What would the optimal utility function look like for someone who has a steady income? I would expect it to smoothly transition from a linear to a log regime, as the total winnings exceed the income per turn. Fun textbook exercise for stats undergrads, maybe I'll use it sometime.

I'm not sure I've ever seen a treatment of utility functions that deals with this problem? (The problem being "what if your utility function is such that maximizing expected utility at time t1 doesn't maximize expected utility at time t2?") It's no more a problem for Linda than for Logan, it's just less obvious for Logan given this setup.

In economics, this is considered via the time-value of money. It is considered at the market level, however, not at the level of individuals so plausibly it could have individual variances.

Replies from: philh

↑ comment by philh · 2023-08-26T18:35:59.175Z · LW(p) · GW(p)

What would the optimal utility function look like for someone who has a steady income?

I think I know what you mean, but personally I'd try to avoid talking about utility functions here. A utility function is the thing one optimizes with respect to, trying to choose an "optimal utility function" suggests you have something outside the utility function that you value, and in that case it's not really a utility function.

That said I'm not sure how I would ask the question myself. Maybe something about optimal levels of risk aversion?

In economics, this is considered via the time-value of money.

So this doesn't really deal with the problem I'm thinking of.

I think what you're thinking is: instead of having a utility function that's (say) linear in money, you'd have it be linear in money and negative-exponential in time. So instead of , you'd have something isomorphic to $U (m, t) = m \cdot 2^{- t}$ . And so $U (1, 0) = U (2, 1) = 1$ .

But does that mean such an agent is indifferent between receiving £0.01 now and £0.02 in a second? That's not obvious to me, because if they're making the decision at time 0 they need to choose between "Utility $U (1, 0) = 1$ now and utility $U (1, 1) = 1 / 2$ in one second"; and "utility $U (0, 0) = 0$ now and utility $U (2, 1) = 1$ in one second". Which do they choose? The fact that the "now" in one choice equals the "later" in another doesn't answer that question for me.

(We can postulate that they might be able to use £0.01 at time 0 to have more than £0.01 at time 1. But that makes things more complicated, not less. I feel like if we want to claim we can answer questions about expected utility maximizers, we should be able to answer them in simple situations.)

And then there are even weirder cases, like what if we have an agent whose utility is $U (m, t) = m sin (t)$ ?

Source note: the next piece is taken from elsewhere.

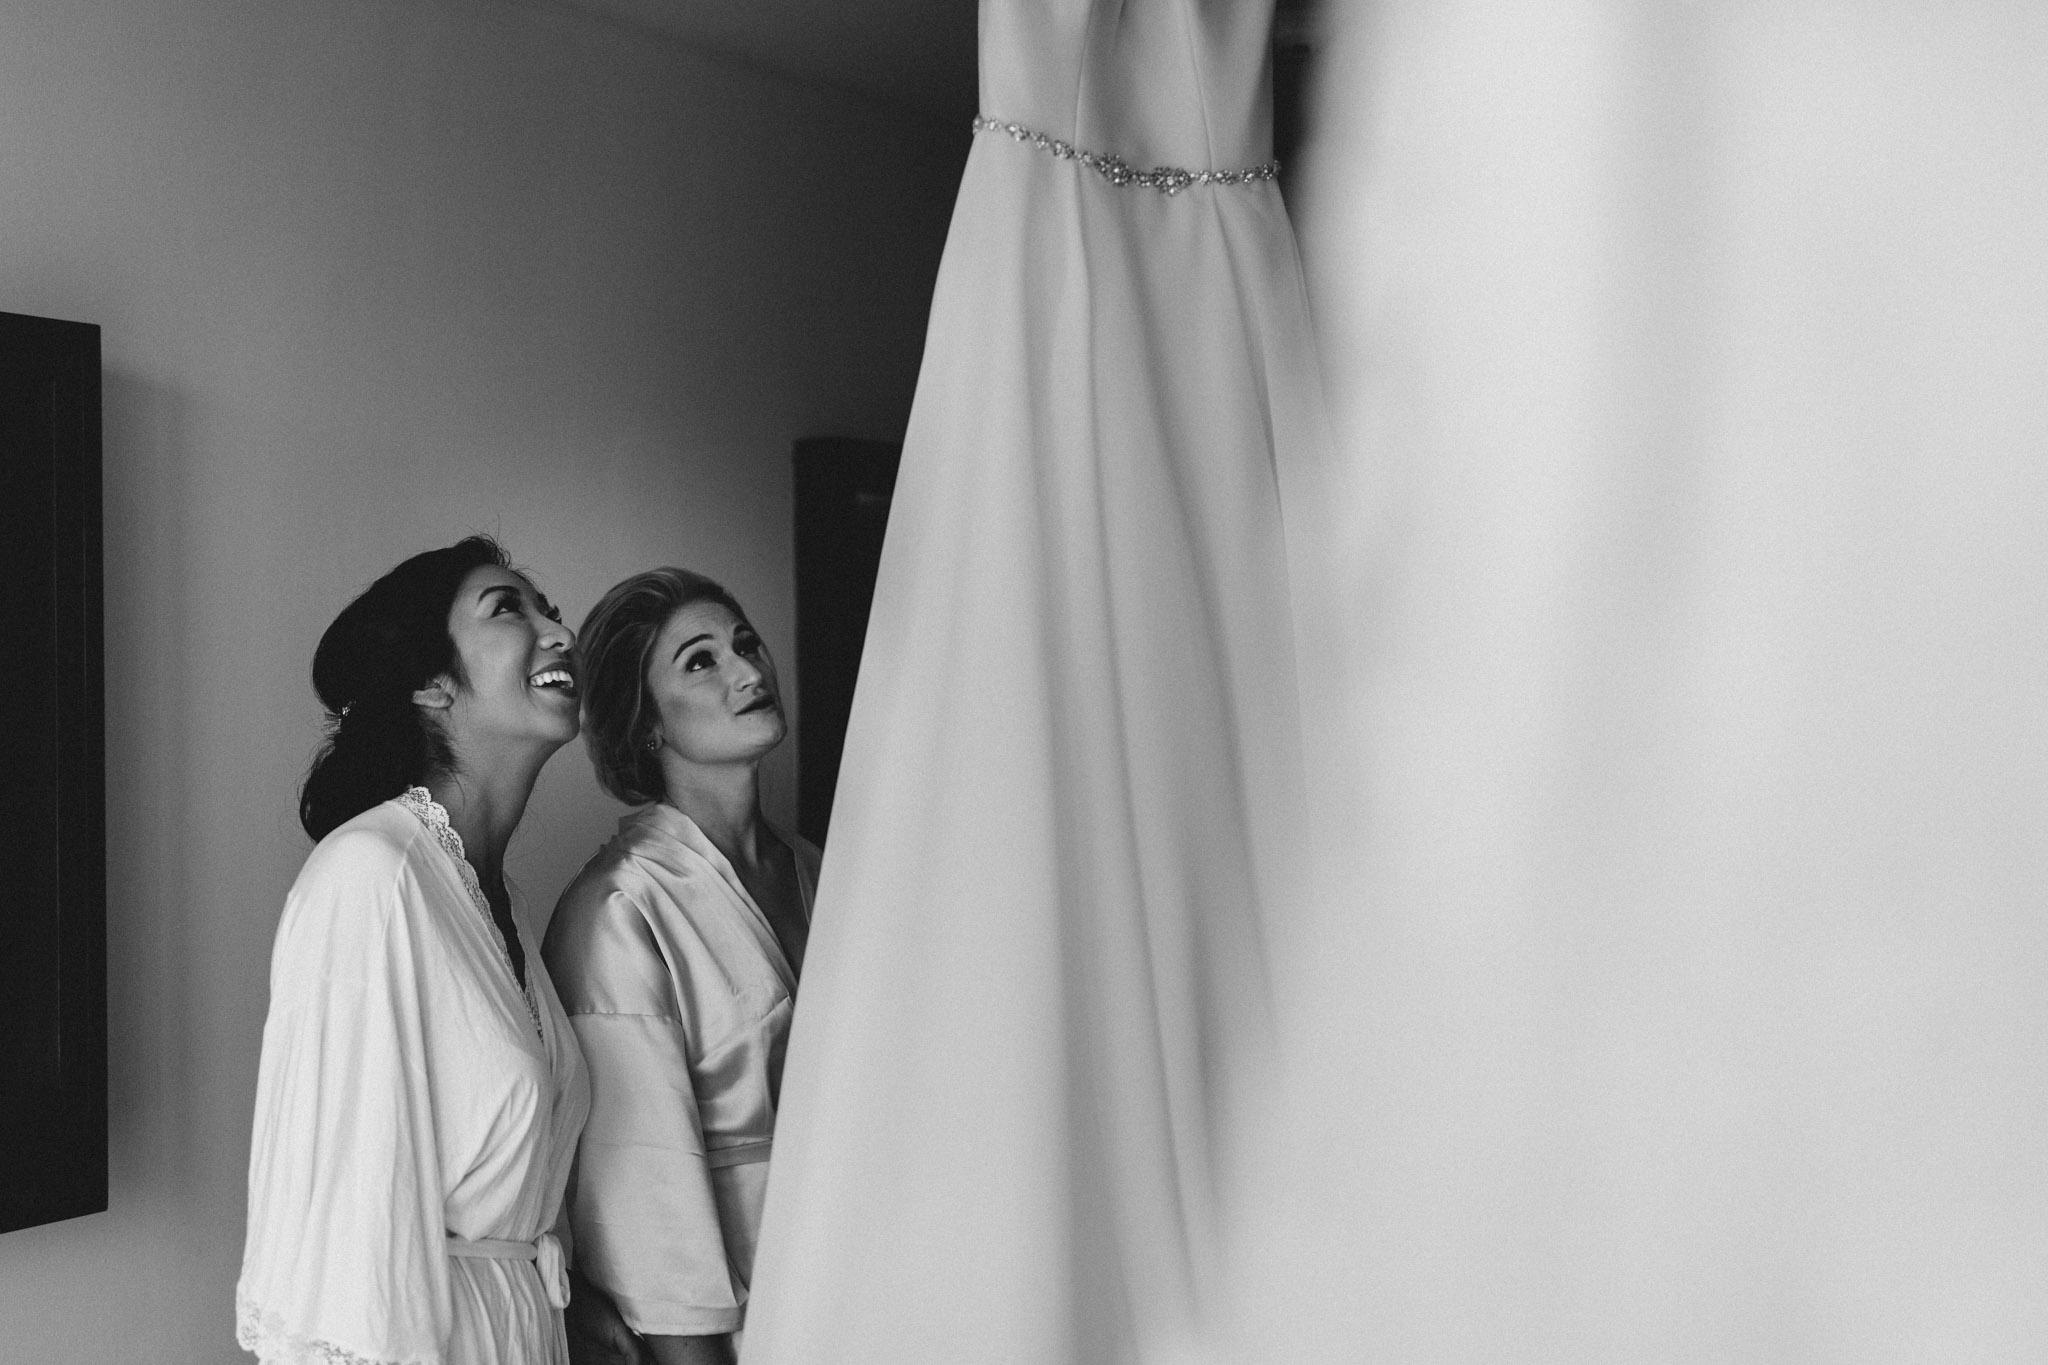 Cancun Mexico Wedding - admiring the dress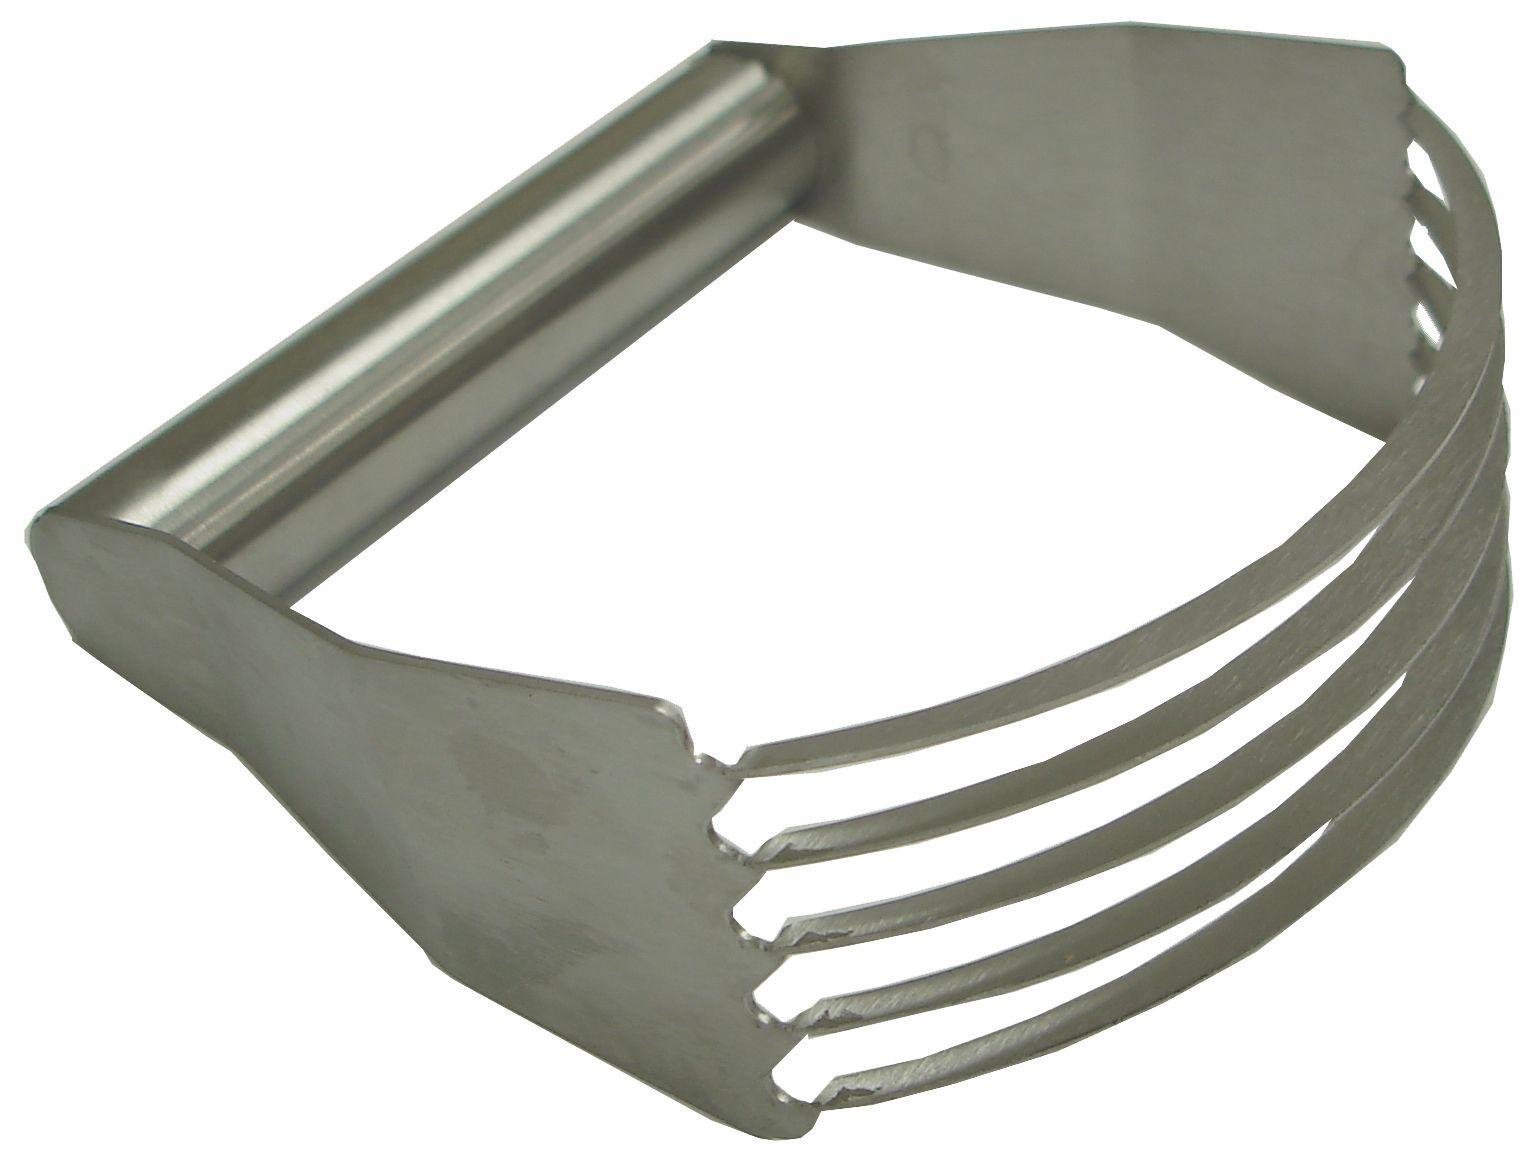 Winco PST-5B Stainless Steel 5-Blade Pastry Blender

I can imagine answers like "you integrate the utility function over all of time" or "you take the max value" or "the limit as $t \to \infty$ ", but then it seems to me that that is the actual utility function? And also all of those possibilities will diverge in a lot possible situations. Now that I bring this up I have a vague feeling I've seen this sort of thing discussed? (I admittedly haven't gone looking for explanations of VNM utility.)

The sort of direction I'd try to explore myself is: so the idea behind a utility function is that if your behavior regarding certain bets satisfies the VNM axioms, then we can model you as having a utility function that you're maximizing. Okay, so let's take an agent who chooses £0.01 now; what utility function do we derive for them? And now the same for the agent who chooses £0.02 later.

My weak guess is that the derivation of $U$ from the bets an agent will take, assumes that for any given bet the agent will be maximizing their instantaneous $U$ . And so if we postulate an agent who takes future money into account, then the utility function we derive for them will itself have a term for future money.

And then we could actually still have $U (m, t) = m \cdot 2^{- t}$ . It would just be a different interpretation than I gave it above: instead of "at time $t$ , my utility given that I have $m$ money is...", it would be "right now, my utility from receiving $m$ money at future time $t$ is...".

This doesn't seem to me like it obviously causes big problems. Maybe this is all just standard when people study this more formally than I have. But I'm not sure.

Replies from: juehang

↑ comment by qjh (juehang) · 2023-08-28T13:47:13.108Z · LW(p) · GW(p)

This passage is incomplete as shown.